Чтобы не дуло из маленького окошка у лавки возле самой головы, я заткнул его тряпкой, и в нашей лесной, черным-начерно прокопченной избушке стало темно, затишно и тепло, как у белки в дупле. Как ни будь, однако, тепло в лесу с вечера, есть такой час перед утром, когда речка, говором своим наполняющая всю лесную тишину, передает свой голос бору. В темноте сквозь тонкий лесной сон все было слышно, и связь с жизнью Чащи ни на мгновенье не обрывалась: я услыхал, что речка передала голос бору, открыл окошко, и в дупло мое черное влетела Жар-птица.

Это бывает у детей в праздники, ребенок обрадуется игрушкам, а старый человек, вспоминая свое такое же детство, такой же свет радости, наполнявший когда-то и его детскую комнату, говорит сказку о чудесной Жар-птице, и так из поколения в поколение, передаваясь в сказках, птица радости живет, заполняет собой все виды искусства.
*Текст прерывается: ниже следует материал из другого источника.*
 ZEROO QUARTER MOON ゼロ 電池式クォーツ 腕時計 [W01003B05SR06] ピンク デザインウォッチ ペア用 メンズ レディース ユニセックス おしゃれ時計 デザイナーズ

Помню, когда впервые мне захотелось писать и я стал задумываться, на чем бы мне остановиться, о чем же писать мне постоянно для людей, то однажды припомнил лучшее из своей жизни и остановился на Жар-птице – лучше этого я не знал ничего.
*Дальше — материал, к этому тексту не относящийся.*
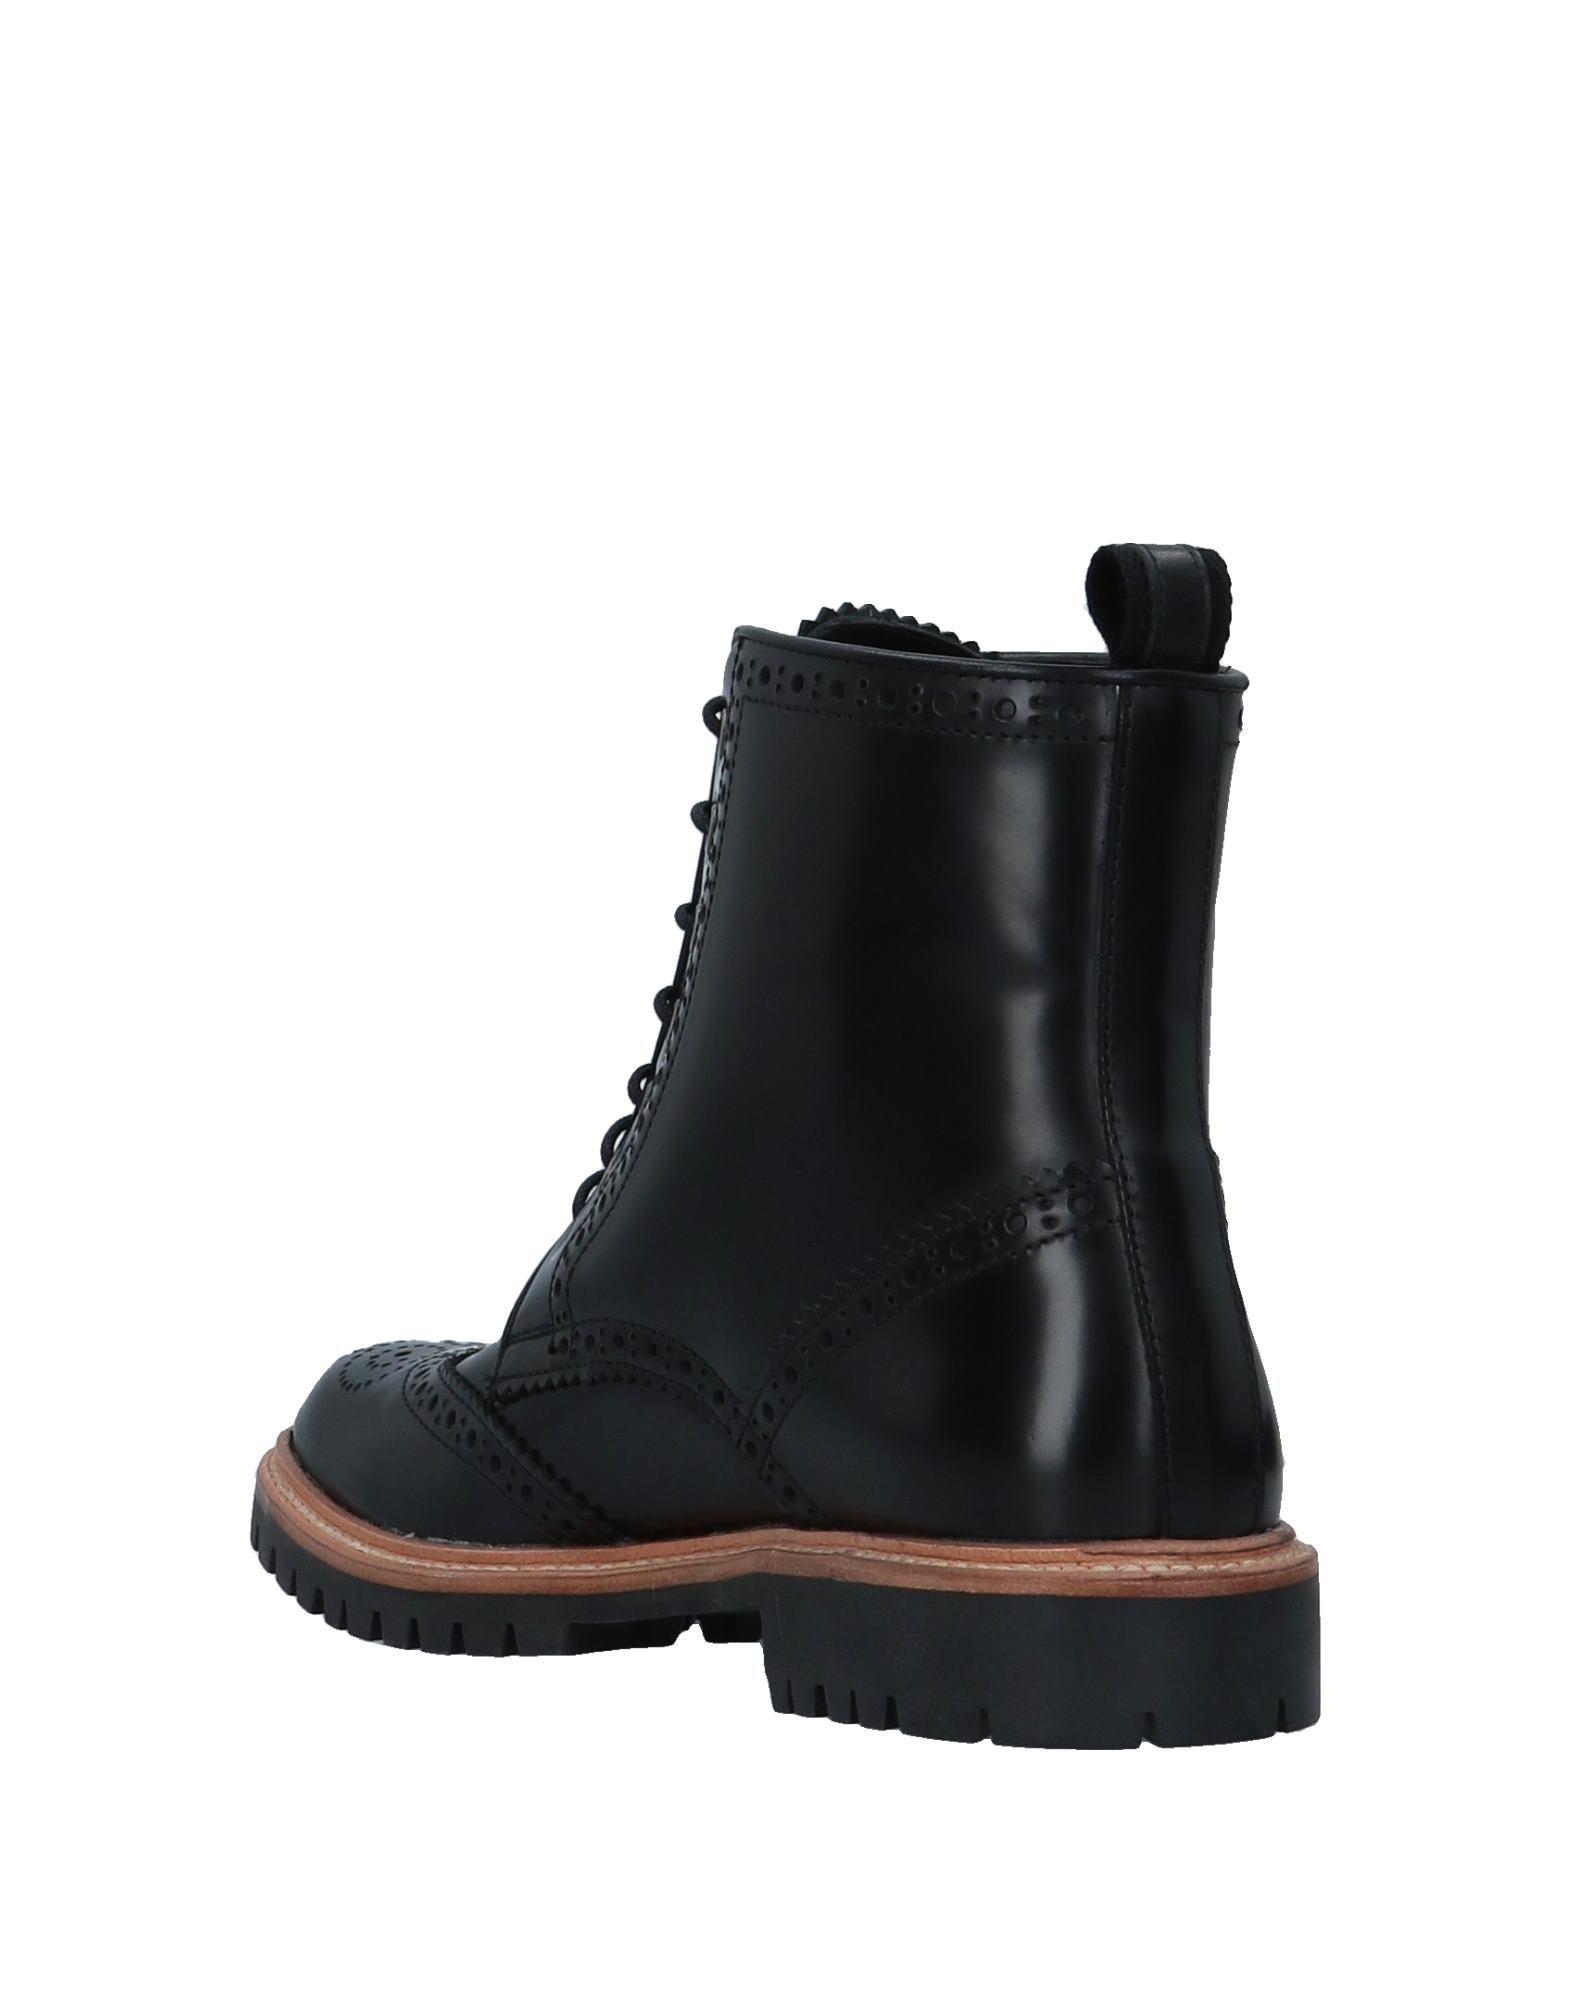 Stilvolle Stiefelette billige Schuhe Voile Blanche Stiefelette Stilvolle Damen  11538369IB 7d74a8

Столько времени, столько трудов положили мы в трудное для путешествия ранневесеннее время, чтобы достигнуть Чащи; наконец пришли в Чащу, и вот прилетела Жар-птица и наполнила всю душу радостью: стоит вылезти из дупла, и Чаща тут. Детская радость шевельнулась в душе, и мы вылезли…

Все оказалось точно так, как и говорили о Чаще: деревья стояли одно к одному, как громадные свечи, и уж, конечно, тут стяга не вырубишь, и тоже правда, что дереву здесь невозможно упасть, если не подрезать и те, к каким оно клонится. Под румяными соснами росла черника, и на ней лежали два срезанные и раскряжеванные дерева. Так свежи были эти срезы-разрезы, что вспоминалось из сказки про живую и мертвую воду: хотелось спрыснуть живой водой, чтобы кусок сложился с куском и оба прекрасные дерева Берендеевой чащи поднялись. На одном из разрезов мы рассматривали работу бонитеров: карандашом по линейке была проведена черта, по ней отсчитывались круги, сумма лет, считанная, выписывалась на сторонке, и в конце были сложены все суммы и подписано общее число лет жизни дерева: триста семь лет. На других кусках изучалось качество дерева, и некоторые из них даже для этого были еще распилены и рассечены вдоль и поперек. Когда же мы подняли глаза наверх, то увидели на каждом гигантском дереве зачистки топором, и на этом белом зачищенном кусочке было обозначено буквой, какой это сортимент: А значило авиация, К – корабельные мачты, О – особого назначения, и много еще разных букв, значение которых раскрывал нам Осип, каждый раз приговаривая:

– Вот так лесок, этот лесок все оправдает!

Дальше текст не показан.